Loss

There is a terrible crassness which sometimes pervades the inner life of a writer. Okay, I need to explain that a little.

Our inner life involves a dialogue, an on-going internal about what we say, think and do. Bit like an “extra” on a DVD – the director’s commentary. We all do it to a certain extent; it takes a bit of growing to ignore those voices which denigrate our self esteem but we grow and learn to identify the false voices. We are, after all, our worst critics. Part of growing up involves being able to shut down a lot of this inner commentary and be able to reflect with some consideration on our actions. Stay with me, almost there….

I suspect I’m not alone in the writing community when I say that I shelve every incident of emotional impact, store it away for when I need to express a sentiment on paper. It may be why some teenage writers struggle to convince when they write from the POV of an elderly, crotchety old man.  Like me. And why us males often get it wrong when writing for the female market. We don’t have that in-depth knowledge. Yes, I see you in the back…you’re in touch with your feminine side. Well done, that man.

So when an emotional event hits a writer we run a little internal dialogue where we analyse the feelings for later.

And I don’t like it. Here’s why:

The last month or so has been hard for me and the community, we lost someone special – two someones – and we’ve been dealing with a community wide grief.  And grief  is a journey we all travel in our own way,  it’s a bus ride we would rather do without; you go somewhere, get off the bus to look around and realise that you’re somewhere different, somewhere strange. Grief is the journey and you can’t get off that bus until the journey is done. My inner writer has watched and noted what I went through, what a lot of folk went through (several thousand, such was the impact of these two marvelous people).

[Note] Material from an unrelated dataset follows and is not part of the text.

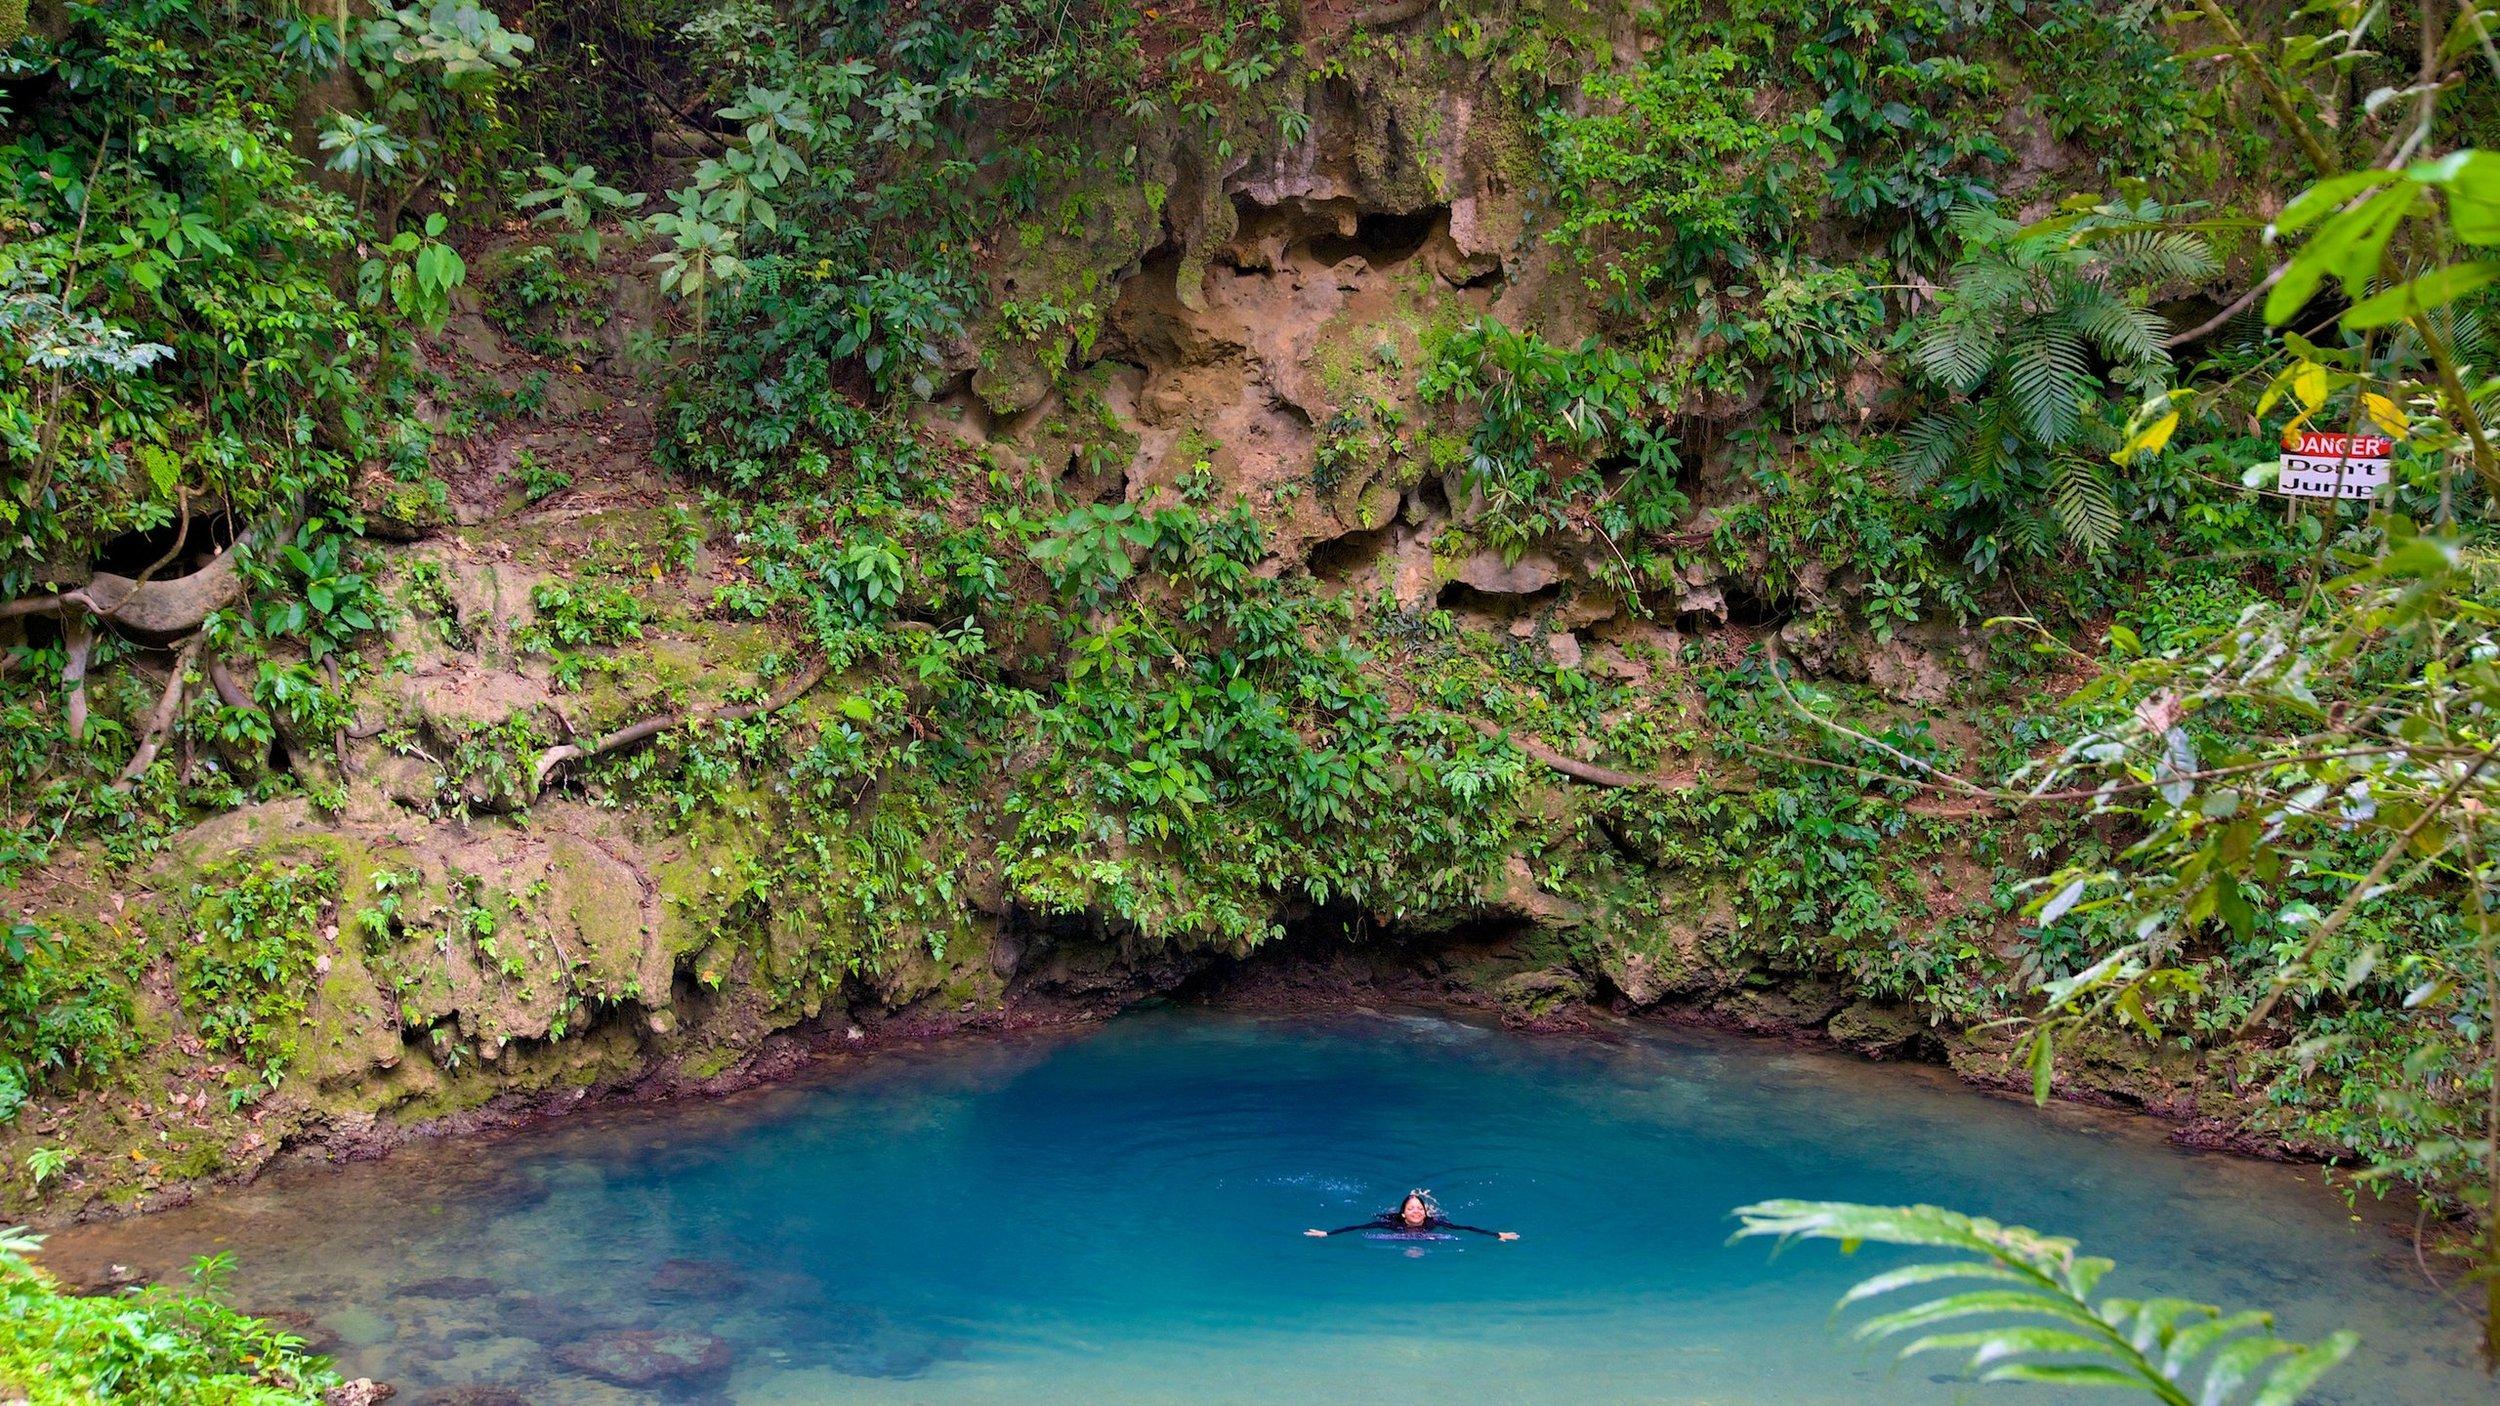 115514-Blue-Hole-National-Park.jpg

And I don’t like me very much for doing it, grief is personal; for me it’s a private journey but – and this is going to sound just silly – every time I turn around there I am, the inner me is watching and I want him to give me a bit of privacy.

But I don’t think writers get that privacy. Anyway, my journey’s about done, I’m about ready to get off that bus. Just not that happy about missing a friend.

Vale, Alan and Kari.

2 Responses

  1. I don’t know If I said it already but …Cool site, love the info. I do a lot of research online on a daily basis and for the most part, people lack substance but, I just wanted to make a quick comment to say I’m glad I found your blog. Thanks, :)

    A definite great read..Jim Bean

    • Thanks, Jim. I may be sporadic but at least I’m reliable. Hang on, that doesn’t sound quite right.
      Drop by again and I promise to take my foot out of my mouth.